Assessing Quality
Last updated
Last updated
Clicking on the Quality heading on the Results page accesses a summary statistic related to the quality of the query genomic sequence or a genome in the reference database. This summary statistic relates completeness and contamination. Completeness is measured by the presence of 111 single-copy genes which are observed across almost all prokaryotic genomes, while contamination is measured by the frequency at which these genes are present in more than one copy. The display below includes the "Full report" obtained by clicking on the button so named.
Our example genome is a high-quality assembly as it contains 106 out of 111 single copy genes. It also shows redundancy of three of these genes, with each one showing two copies. Quality scores are then calculated as completeness percentage minus five times contamination percentage. This frequency of duplicated genes can also be referred to as chimerism as it usually but not necessarily always is indicative of a chimeric combination between the sequence of the main genome and other highly similar but distinct sequences from other organisms. Chimerism can arise during binning or can reflect actual DNA contamination, depending on the source. It is important to note that this is a universal attempt at quality assessment. Further analysis via techniques such as single cell amplified genomes can confirm if the multiple copies of traditional single-copy genes are real or the product of chimerism. This chimerism can also be explored further via the MyTaxa scan tool.

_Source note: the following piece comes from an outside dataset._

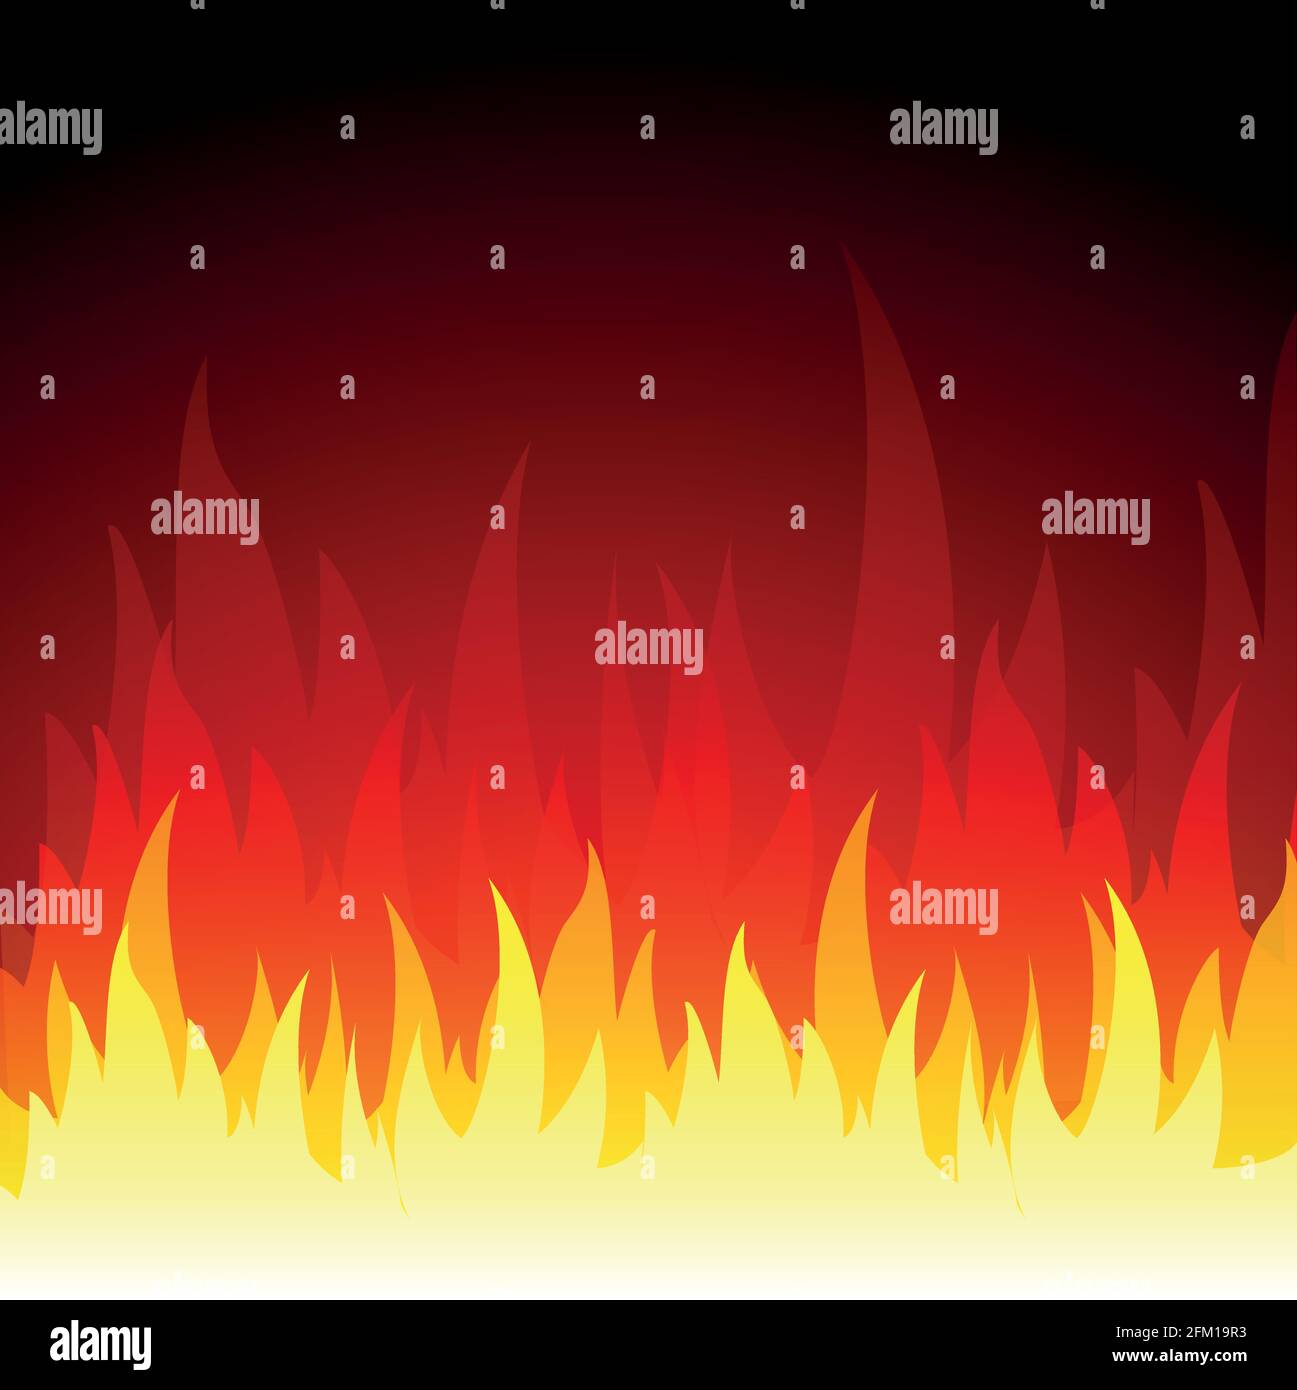 Vektor-Illustration von Feuer Flammen Hintergrund Konzept Stock Vektor

MyTaxa scan provides another means of quality checking. This is a CPU intensive task and an optional analysis that a user has to request by checking the corresponding box when submitting the analysis. MyTaxa scan scans the whole input genome in windows of ten genes and determines the phylogenetic origin of each window. MyTaxa then flags windows that deviate significantly from the genome average. When the analysis is finished, a PDF report is generated which provides information on the distance of each window from the average of the genome and options to check the origin of each window, download the corresponding genes, or other options. Windows that deviate from the genome average may represent cases of recent horizontal gene transfer or contamination. For further details on MyTaxa scan, refer to the original MyTaxa publication.

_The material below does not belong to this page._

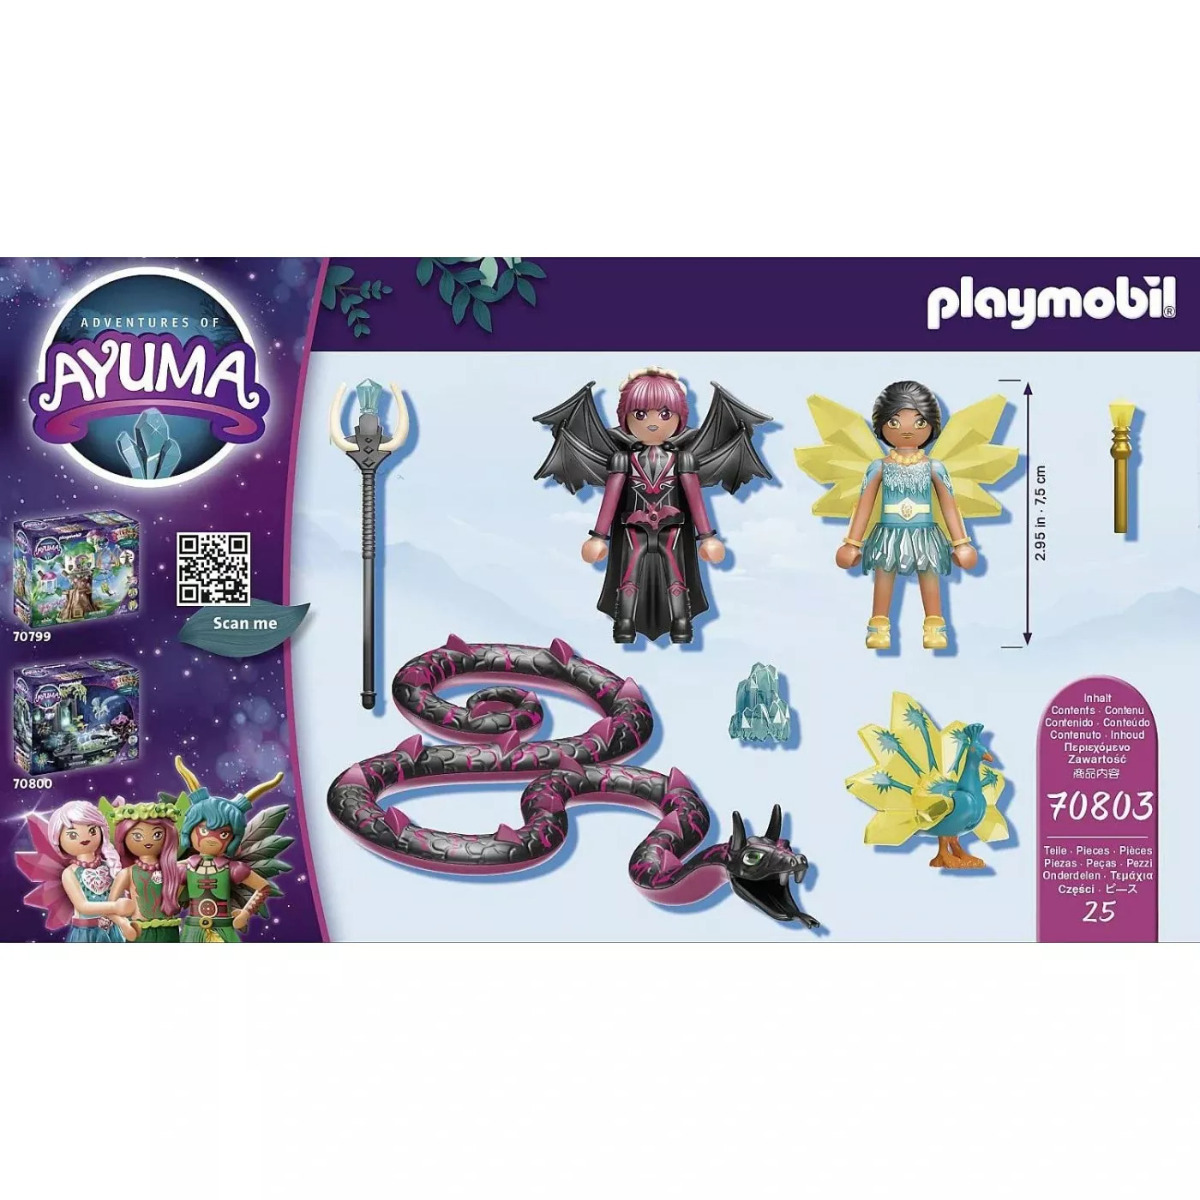 Playmobil Ayuma Crystal Fairy και Bat Fairy με μαγικά ζώα για 7-12 ετών ...

The My taxa scan pdf for the high quality genome above shows little evidence of contamination:
My taxa results for a low quality genome would look more like this:
Finally, doenload links to information on gene prediction and assembly length of the input genomic sequence is also included on the results page.
By utilizing the available information generated by MiGA users can thoroughly evaluate the quality of their assembled genomic sequences and even make further inferences about the success of different assembly or binning pipelines. In the end, areas of chimerism should always be manually examined and may not always indicate diminished genome quality; they may be cases of recent horizontal gene transfer or other naturally occurring genetic deviation.